WHAT YOU SHOULD DO
Below are the records; extract from them the line containing "Maps Test Level III Information Packet" to the line containing "The Recipe and", both lines included, exactly and with no pictures.

RECORDS SUPPLIED
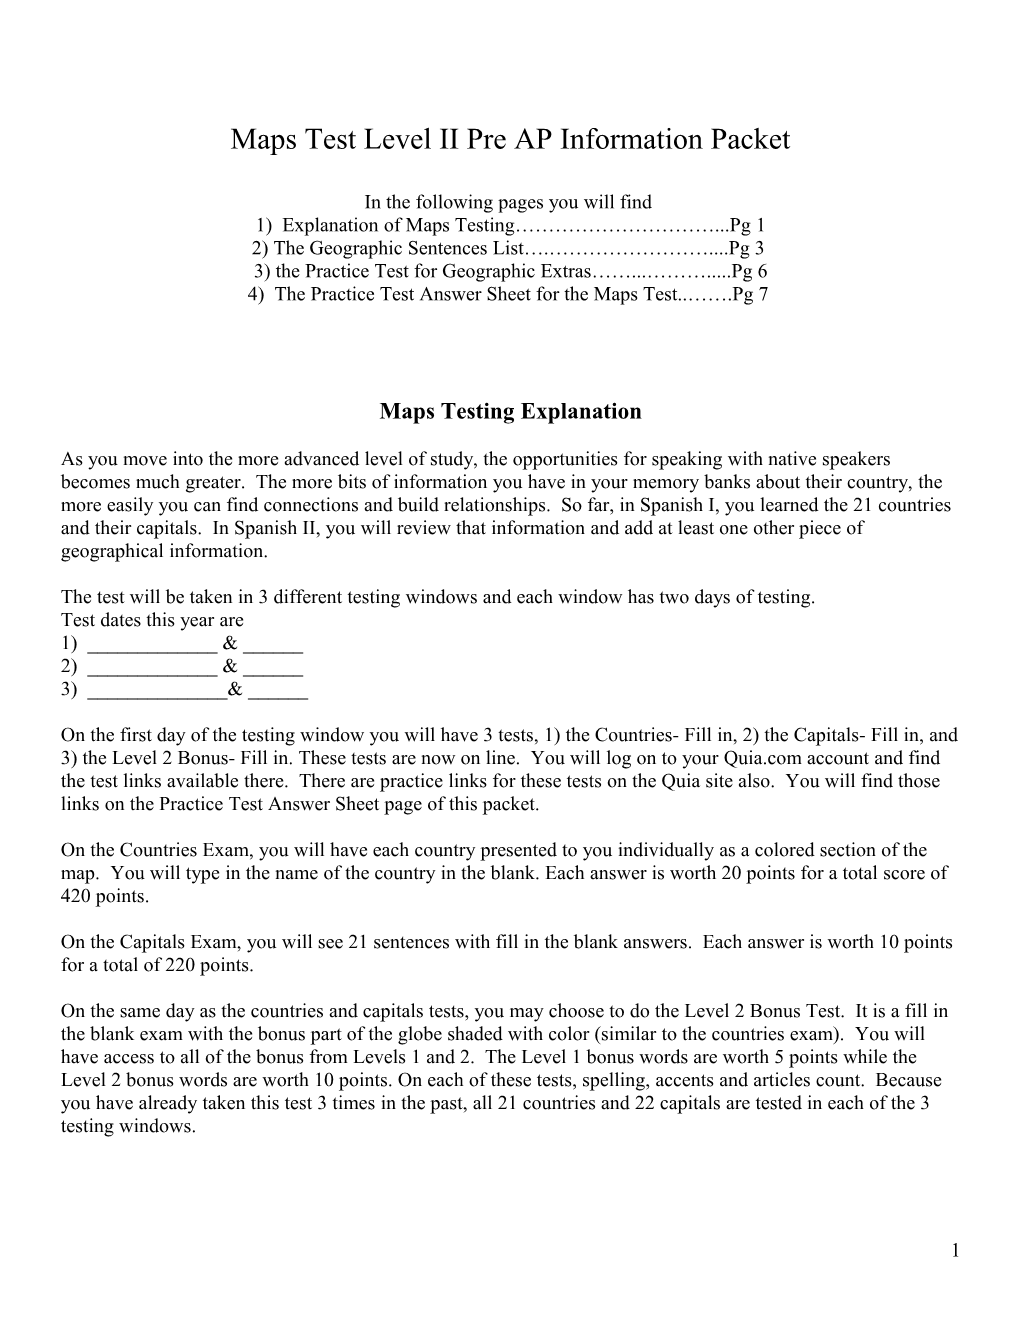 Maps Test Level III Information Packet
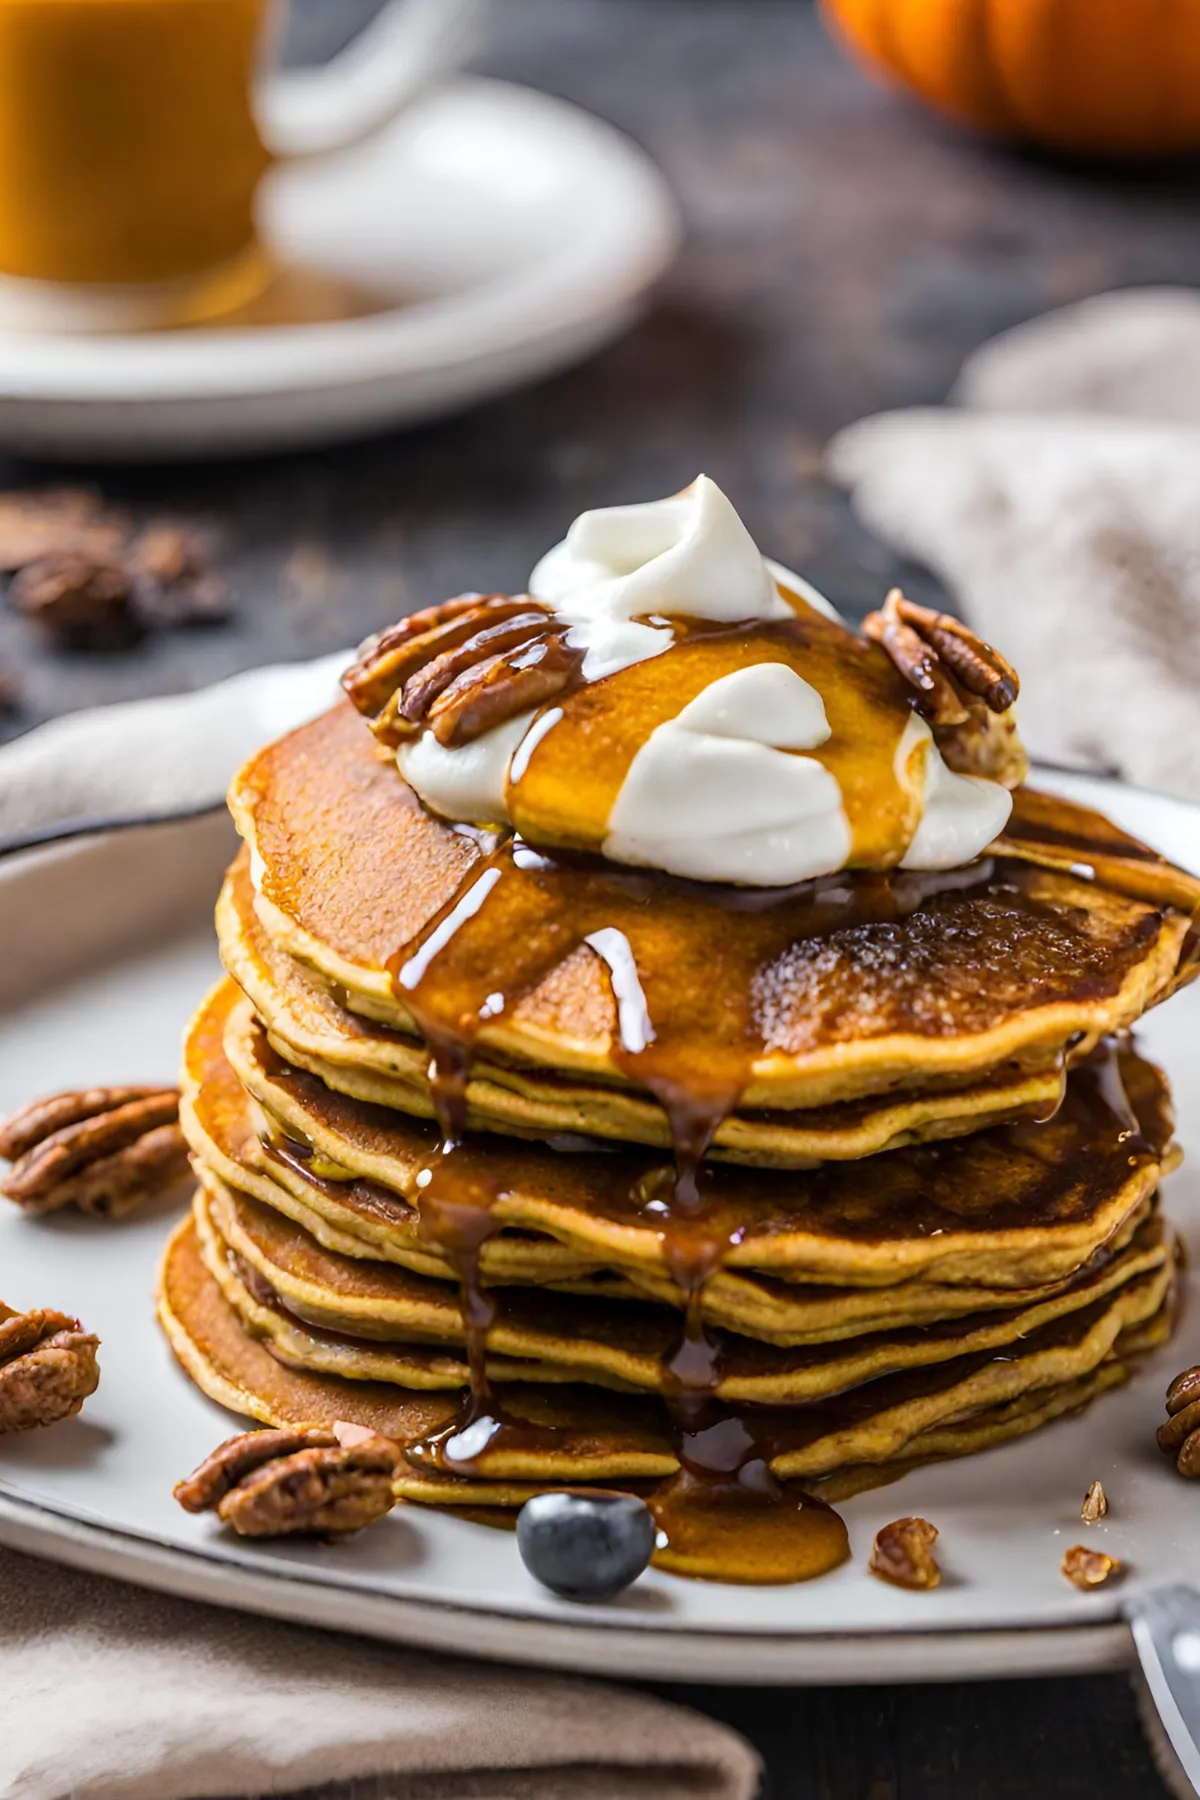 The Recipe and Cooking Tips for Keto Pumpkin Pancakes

==

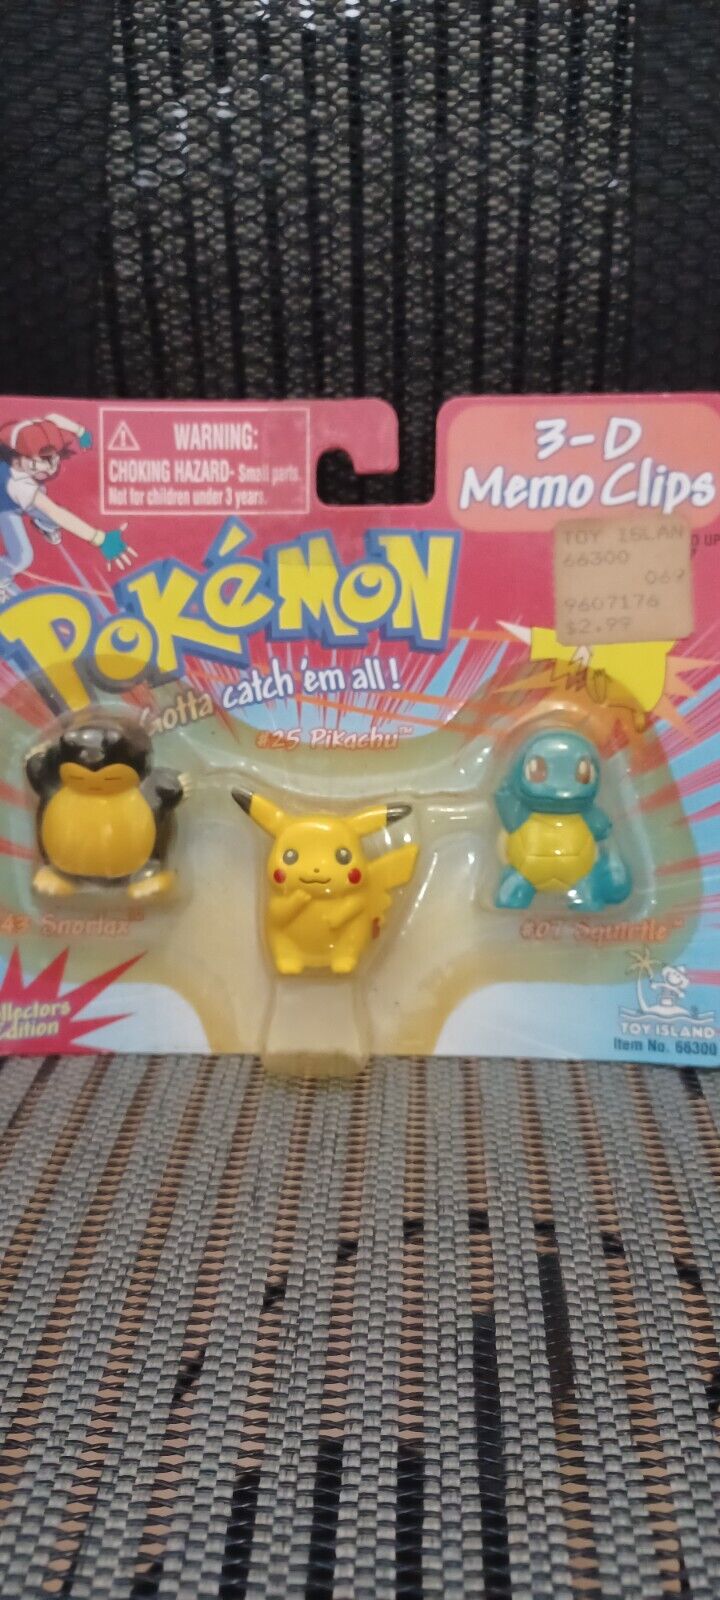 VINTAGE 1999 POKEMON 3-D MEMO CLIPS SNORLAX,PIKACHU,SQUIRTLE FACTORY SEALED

---

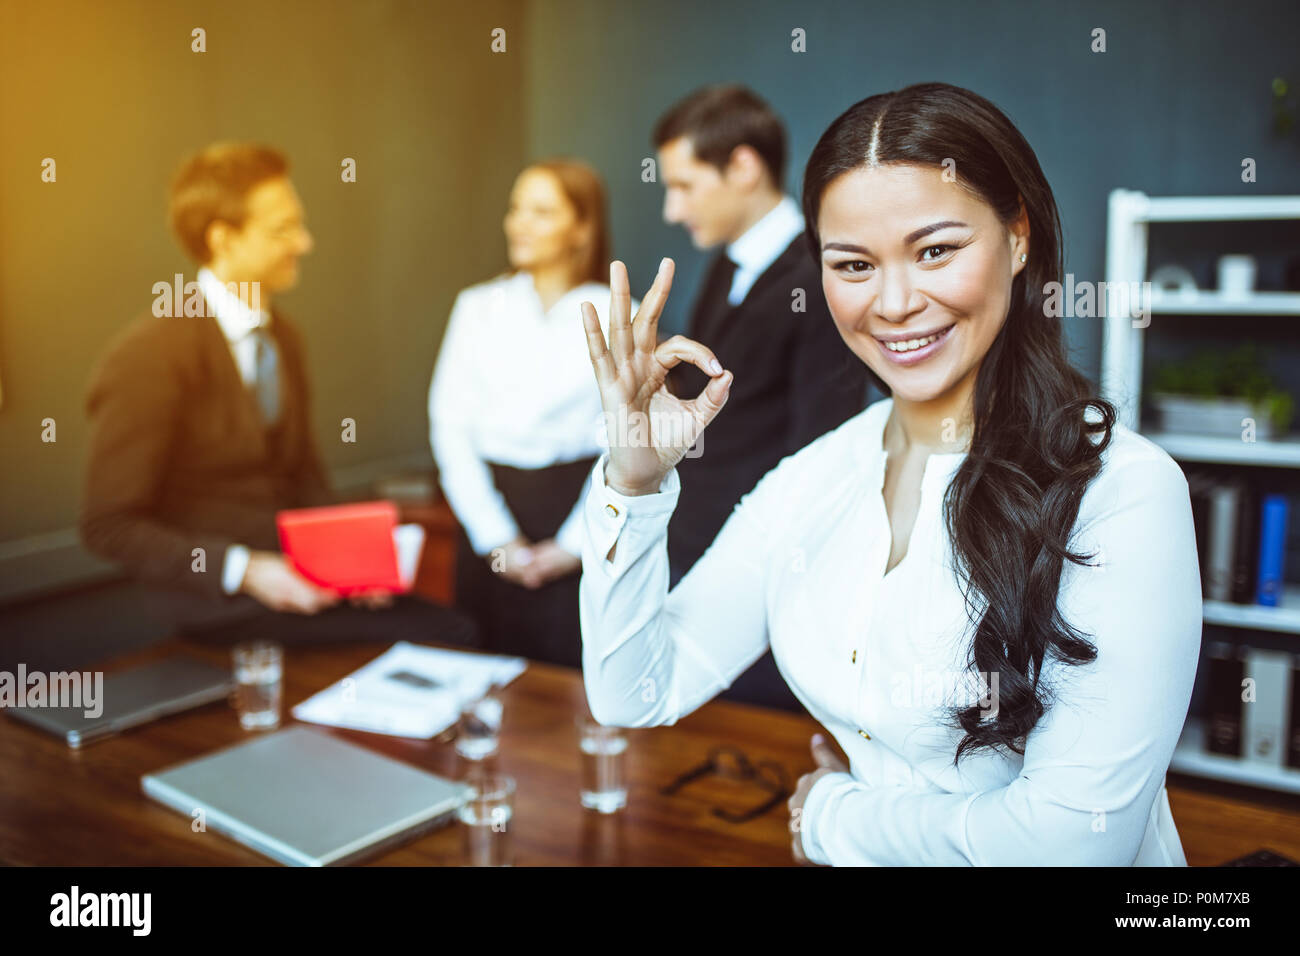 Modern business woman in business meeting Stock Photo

OUTPUT OF THE EXERCISE
 Maps Test Level III Information Packet
 The Recipe and Cooking Tips for Keto Pumpkin Pancakes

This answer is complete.